Hi. Happy to see that you are doing the blog for the final season. Always fun to read it.
Why do I have a feeling that we will need many boxes of Prozen pills this year...I hope I'm wrong!
Posted by: frenchlady | January 15, 2009 at 09:39 PM
Lydia!! so glad to see this Blog back! one question concerning the JB quote--"...Or certainly at the time she thought of her as her soul mate..." is that a slip of her tongue, or a hint of trouble ahead for TiBette? I just don't trust IC to leave 'em alone!!
Posted by: dutch/juno | January 16, 2009 at 07:45 AM
Hey Frenchlady, nice to see you again.
Dutch, come on, you don't expect me to give it all away, do you? ; ) Actually, I can't really offer up spoilers. Not my style. But stay tuned. And welcome back!
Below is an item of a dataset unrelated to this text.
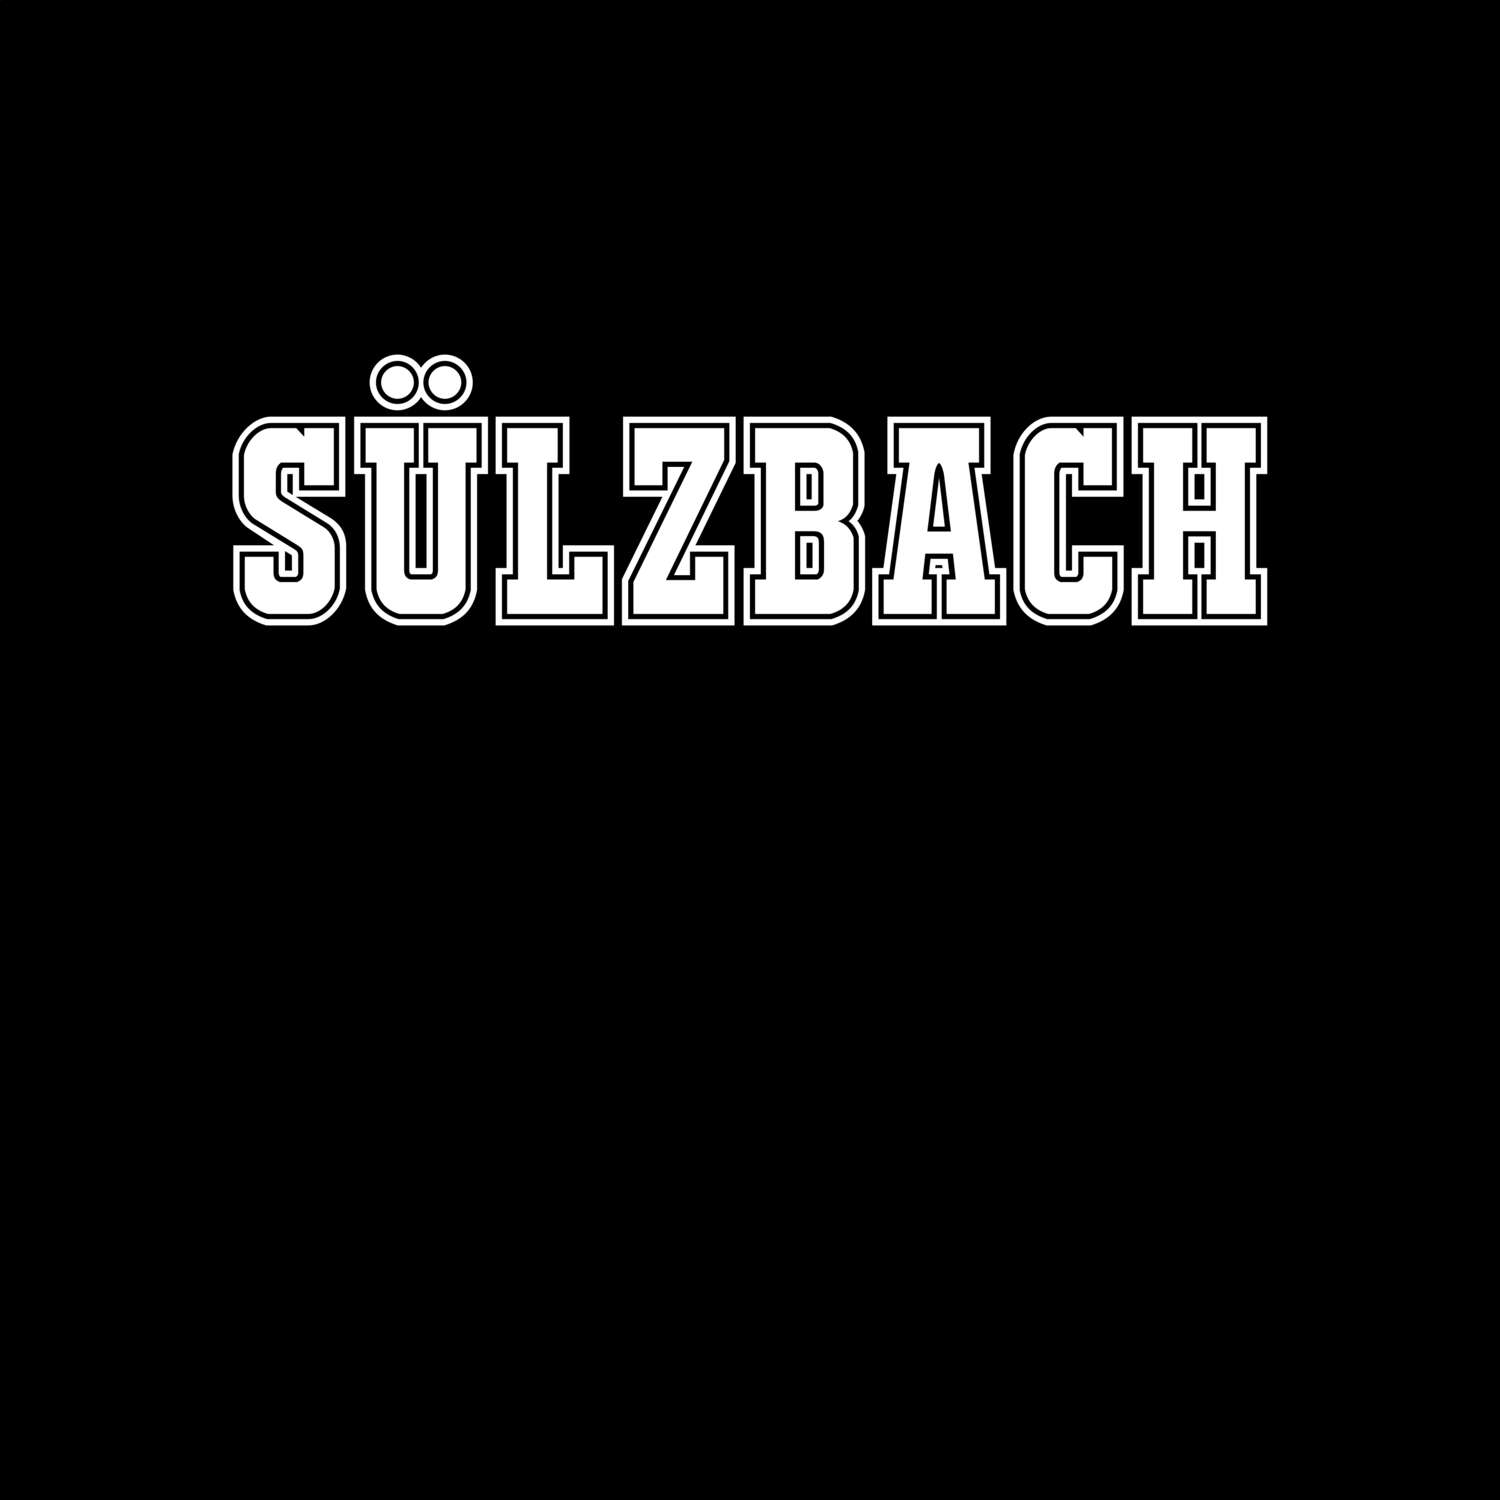 Sülzbach T-Shirt »Classic«

Posted by: Lydia Martin | January 16, 2009 at 10:54 AM
Great to see you back blogging for L-word's final season Lydia. I always get a kick out of reading your insight and humor and the discussions that follow are fun.
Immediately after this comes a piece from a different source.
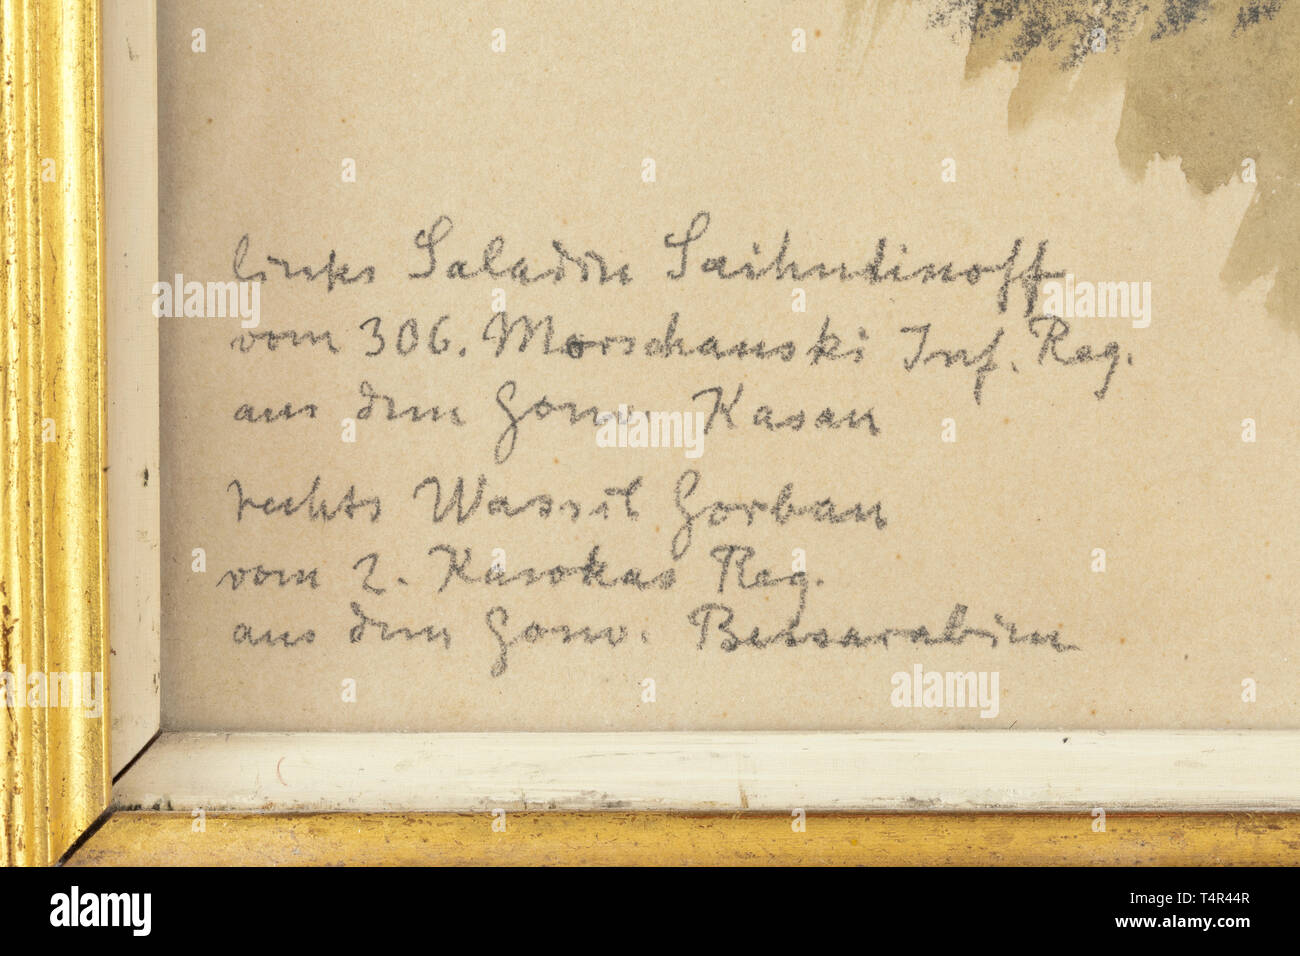 Ernst Liebermann (1869 - 1960) - Zwei russische Gefangene, die miteinander sprechen, Kohle und Aquarell auf Papier. Signiert und auf der rechten unteren "Ernst Liebermann 1916" datiert, eingeschrieben auf der linken unteren - (TR)." Auf der linken Saladin Saihudinov der 306 Mokshansky inf reg. Aus der reg. Kazan, auf der rechten Wassil. Caucas Gorban der 2.reg. Aus der reg. Bessarabien'. In einem alten vergoldeten Holzrahmen. Abmessungen der Rahmen 57 x 46,5 cm. Ernst Liebermann, berühmte Deutsche Maler, Grafiker und Illustrator, an der Berliner Akademie, 1890/93 - Additional-Rights Clearance-Info - Not-Available studierte Stockfoto

Not sure how I feel about a lesbian "Whodunit" and the subsequent prison drama, but it'll be fun to talk about it all nonetheless.
Posted by: Sue | January 17, 2009 at 09:08 AM
greetings lydia. glad you are back, no matter how dumb this season sounds. looking forward to your blogging.
Posted by: lisalisa | January 17, 2009 at 10:21 AM
Well, Hello!
I am so happy you are back. I thought for a while that we had lost you. Looking forward to reading your clever analysis of S6. Bringing it on IC.
Posted by: ella | January 18, 2009 at 08:44 AM
Lydia, so glad to see you back for the final season. So it begins - the beginning of the end.
Looking forward to your wit and snark on the S6. I can't wrap my mind around any of these characters killing Jenny. As we all know, logic has never been a guiding principle on TLW. Bring on the over-the-top, fantastical non-reality world of these LA lesbians.
Posted by: colorado fan | January 18, 2009 at 12:15 PM
Lydia, I seem to look forward to your writing more than the show now.
Posted by: qiqi | January 20, 2009 at 09:58 PM
Lydia! I'm with qiqi. I haven't even really watched the L-Word for the last two seasons, but I wouldn't miss my L-Words! So what's the big plot twist for the final season of our blog???